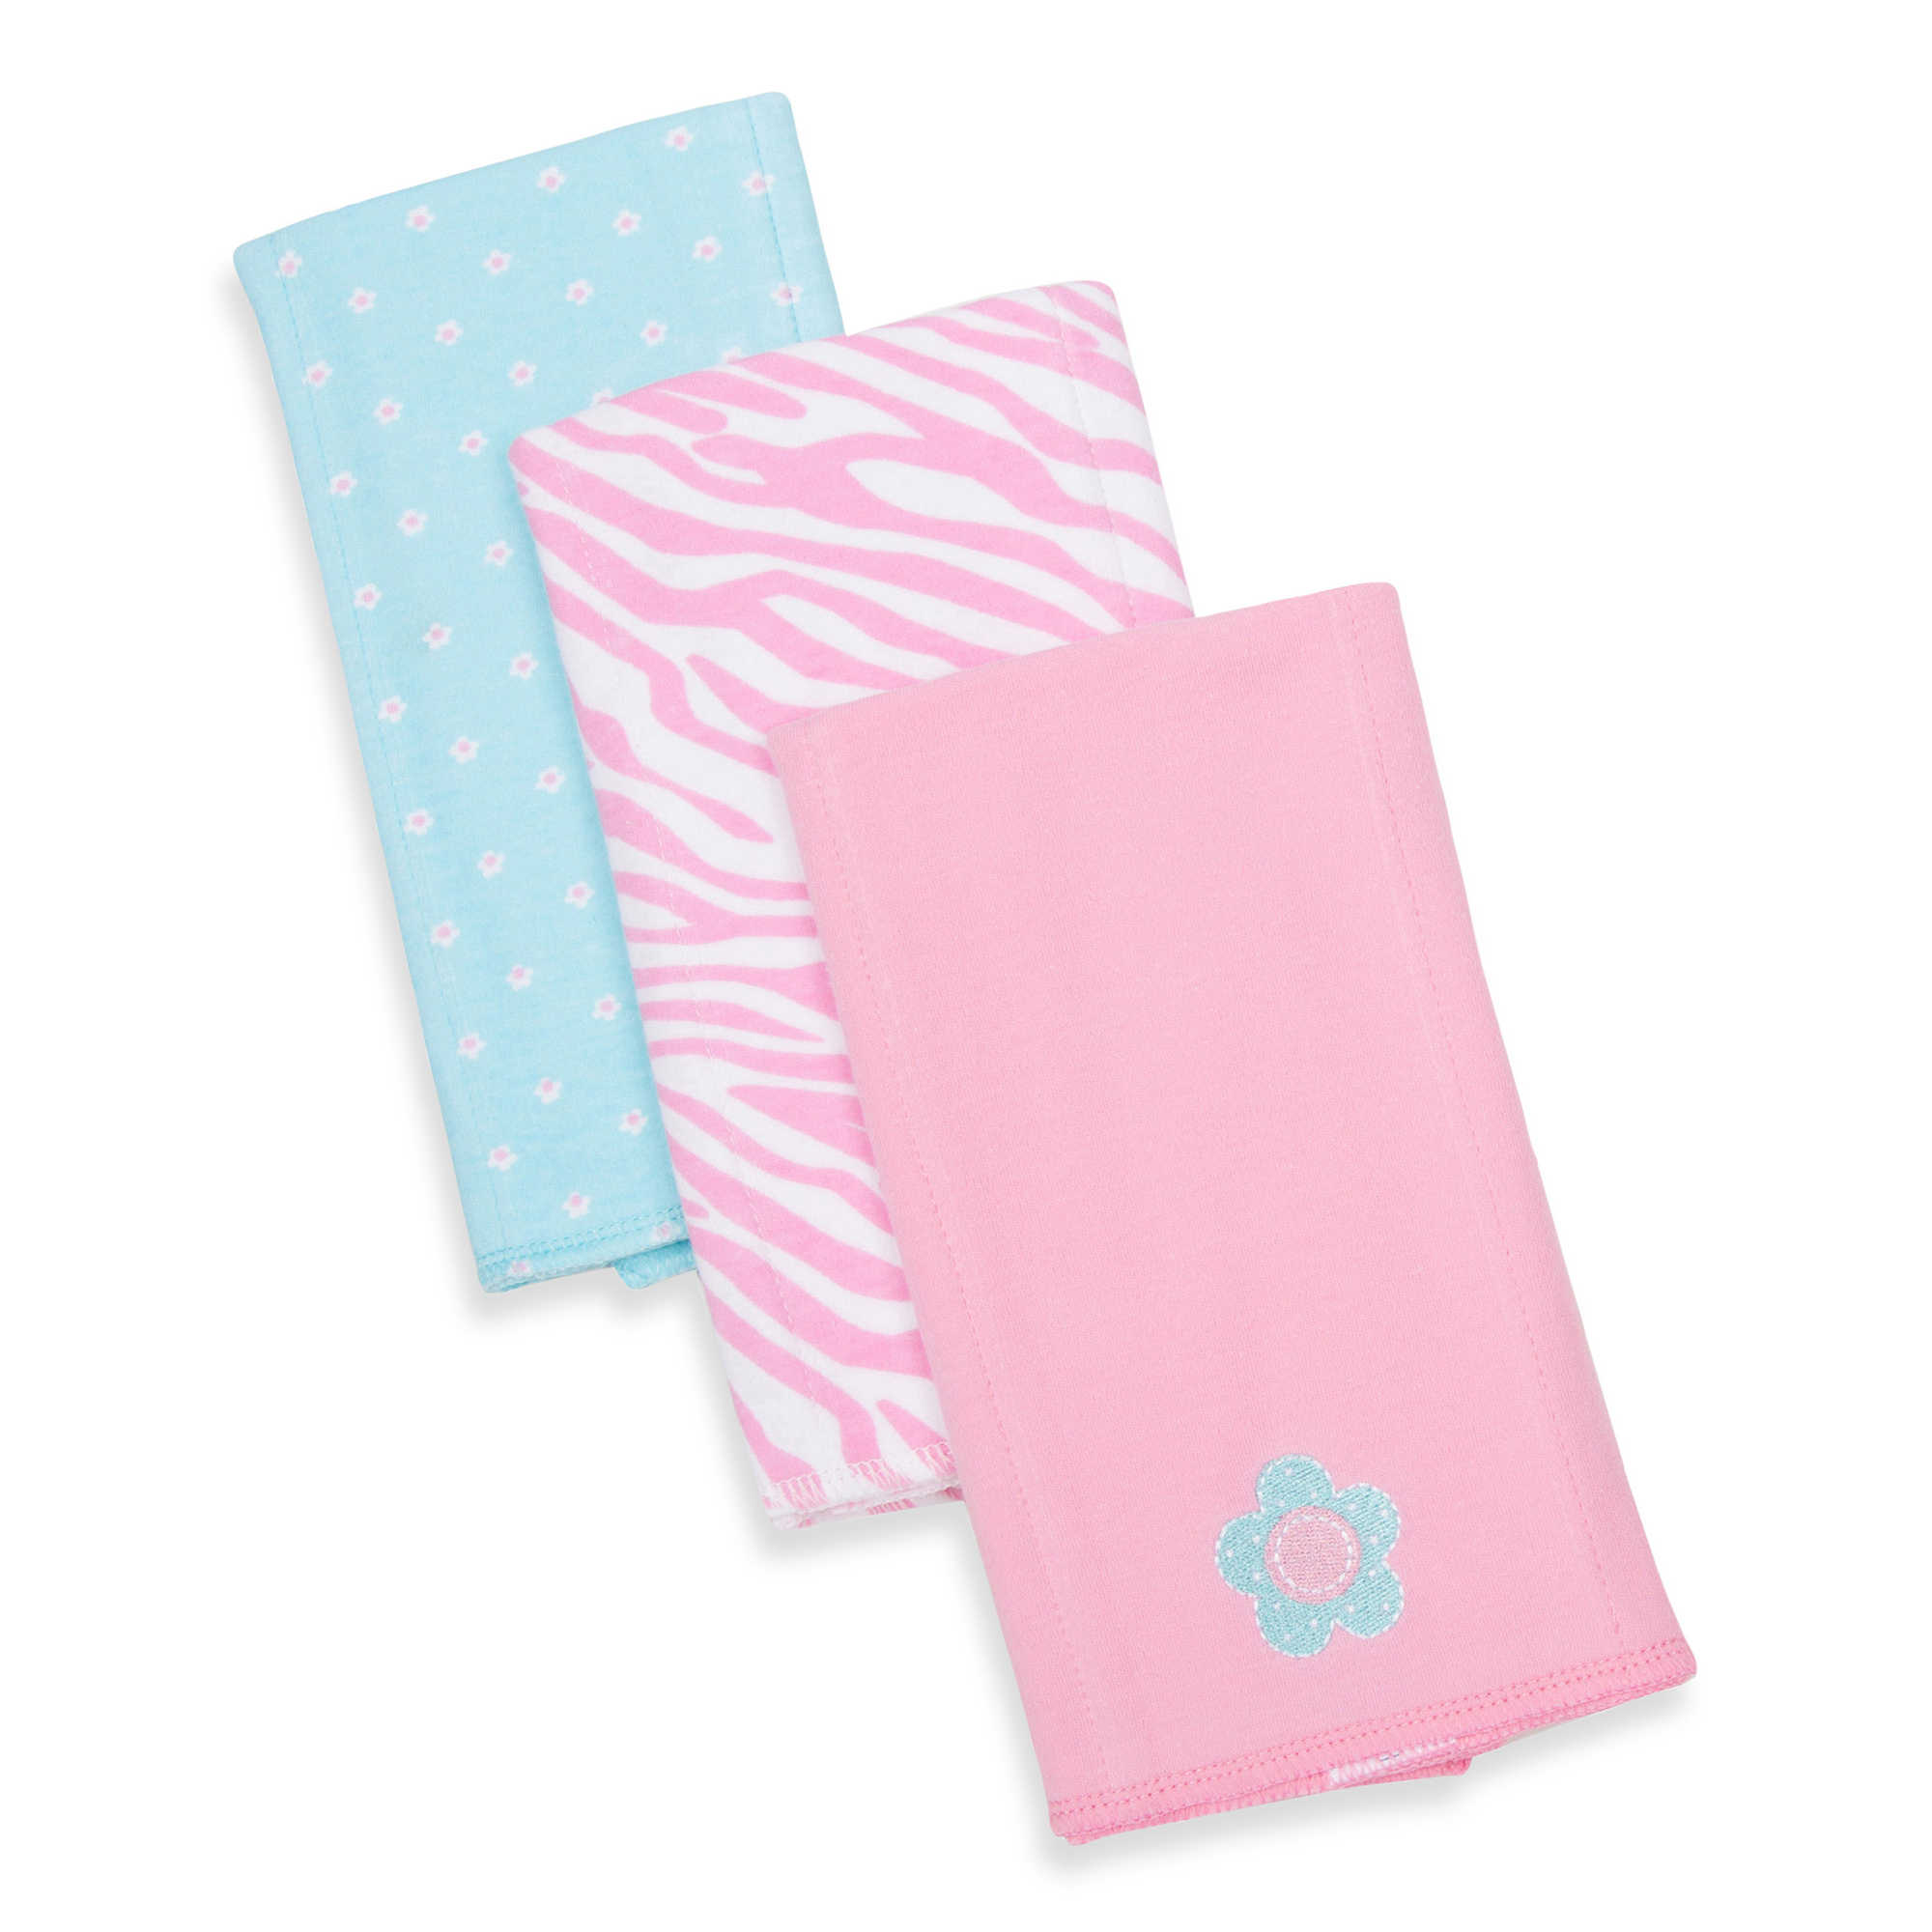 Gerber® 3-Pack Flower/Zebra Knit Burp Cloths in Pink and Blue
...
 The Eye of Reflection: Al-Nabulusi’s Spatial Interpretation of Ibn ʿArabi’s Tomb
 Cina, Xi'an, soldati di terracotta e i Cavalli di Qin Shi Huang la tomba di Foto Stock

[DESCRIPTION OF THE TASK]
In the listing above, transcribe exactly everything from the line containing "The Eye of Reflection: Al-Nabulusi’s" down to the line containing "Cina, Xi'an, soldati", including both and nothing more.

[SOLUTION]
 The Eye of Reflection: Al-Nabulusi’s Spatial Interpretation of Ibn ʿArabi’s Tomb
 Cina, Xi'an, soldati di terracotta e i Cavalli di Qin Shi Huang la tomba di Foto Stock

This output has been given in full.